The figurine’s small scale is therefore part of its importance. Early writing in Mesoamerica did not begin only on grand monuments. It also developed through intimate objects: stamps, ceramic vessels, figurines, sherds, mural fragments, and portable surfaces.
Why the interpretation remains cautious
The meaning of the dots remains uncertain. Archaeologists must be careful when interpreting early marks, especially when only one example of a type is known. Circular marks may be decorative. They may imitate beads, breath, speech, water, celestial features, or other visual ideas. Some Preclassic objects show dots or circles that look numerical but may have had other meanings.
The La Blanca figurine, however, has several features that support a numerical reading. The dots are intentional, pre-fired, organized into columns, placed on a head/headdress zone, and total 11. Their format resembles later and earlier examples of dot-based notation across Mesoamerica. The object also comes from a site where other proto-glyphic signs were already present.
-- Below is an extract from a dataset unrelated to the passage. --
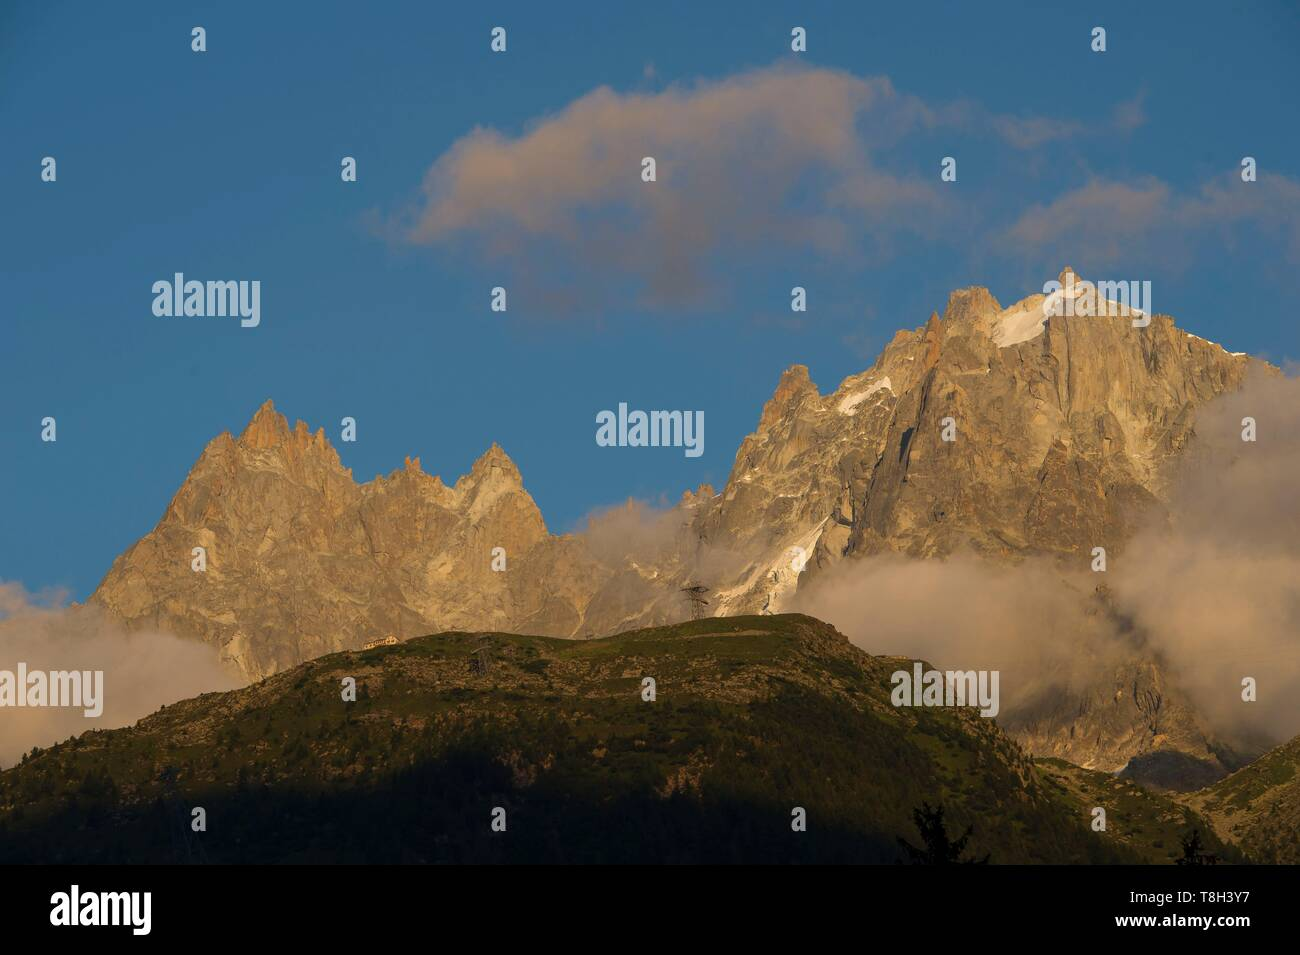 Ciseaux Stockfotos & Ciseaux Bilder - Alamy
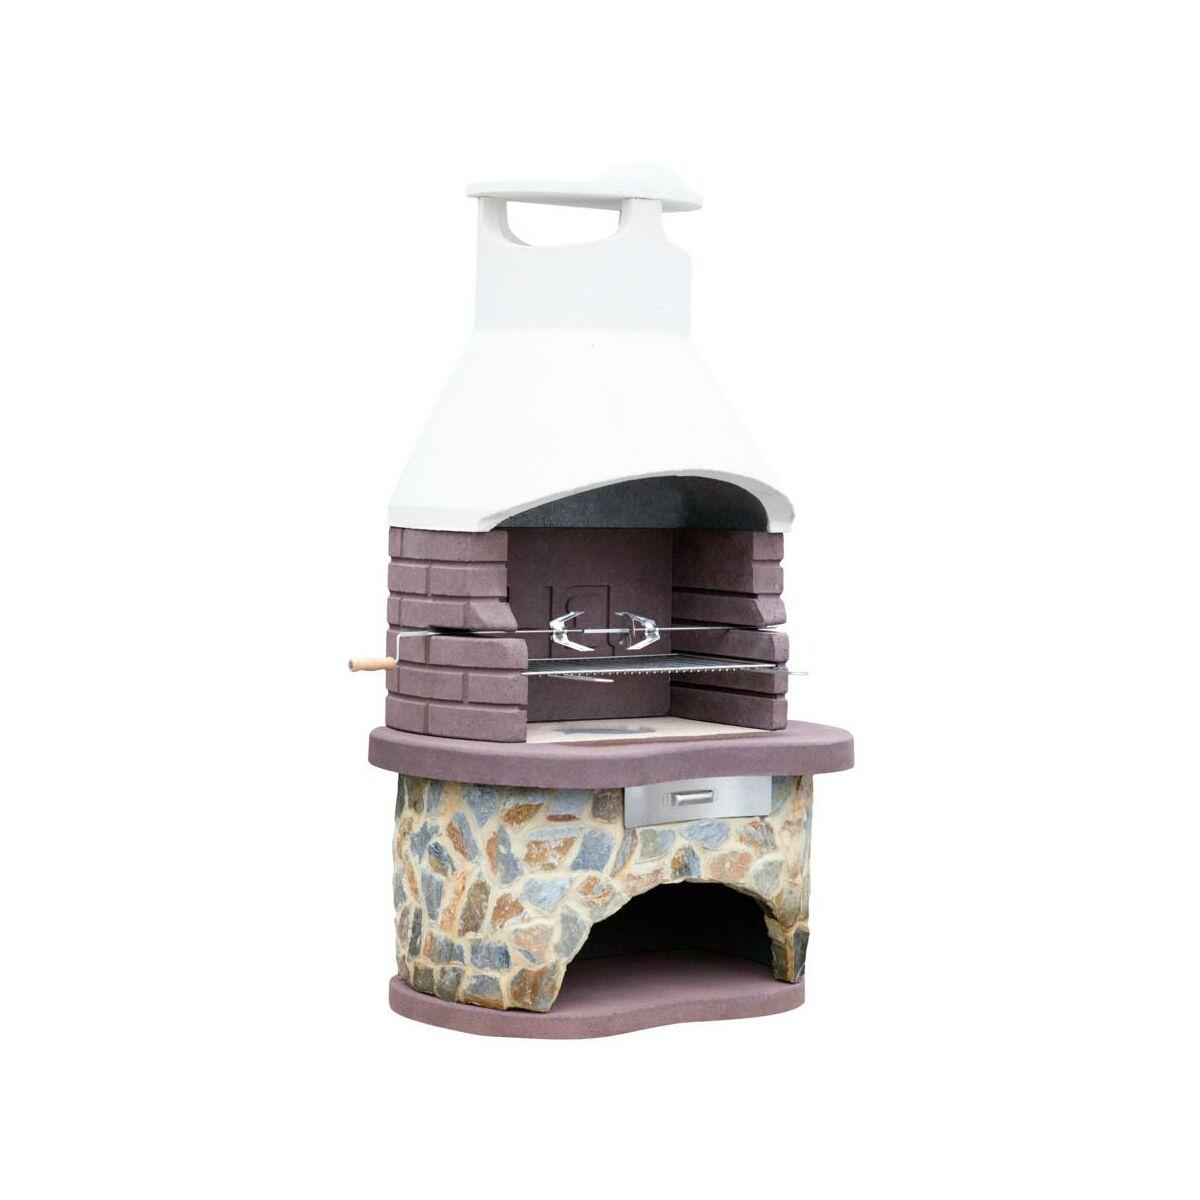 grill betonowy tampere b k grille betonowe w atrakcyjnej cenie w sklepach leroy merlin. Black Bedroom Furniture Sets. Home Design Ideas

For these reasons, the figurine deserves attention even without a final decipherment. It may represent the earliest securely dated example of possible dot-system numeration in Mesoamerica.
A fragment with a large historical meaning
The La Blanca figurine shows how much information can be contained in a small object. It is a broken piece of clay, but it sits at the intersection of several major developments: early urbanism, household ritual, figurine traditions, proto-writing, numerical notation, calendrical thought, and identity.
The 11 dots may record a number. They may label a being. They may refer to a calendrical identity or a name. They may preserve a visual system that was understood locally and later disappeared or transformed. The exact reading is still open, but the object shows that early Mesoamerican communities were already experimenting with ways to make numbers visible and meaningful.
This possibility carries broader implications for understanding the origins of writing in the Americas. The La Blanca figurine suggests that numbers were part of early graphic communication and that they may have been tied to how people understood bodies, names, destiny, and personhood.
A small figurine from Guatemala may therefore preserve more than an early number. It may preserve a moment when number, body, and identity were being shaped into written form.
Sources
Julia Guernsey, Stephanie M. Strauss, and Michael Love. “Numbers and Bodies: Potential Early Numeration on a Middle Preclassic Figurine from La Blanca, Guatemala.” Latin American Antiquity, First View, Cambridge University Press, 2026. DOI: 10.1017/laq.2025.10146.
Cambridge Core article page, Latin American Antiquity, Cambridge University Press.
Additional references discussed within the Cambridge paper include work on La Blanca figurines, early Mesoamerican writing, the 260-day calendar, San Andrés, Oxtotitlan Cave, Chiapa de Corzo, San Bartolo, La Mojarra, Los Mangales, and Mesoamerican numeration systems.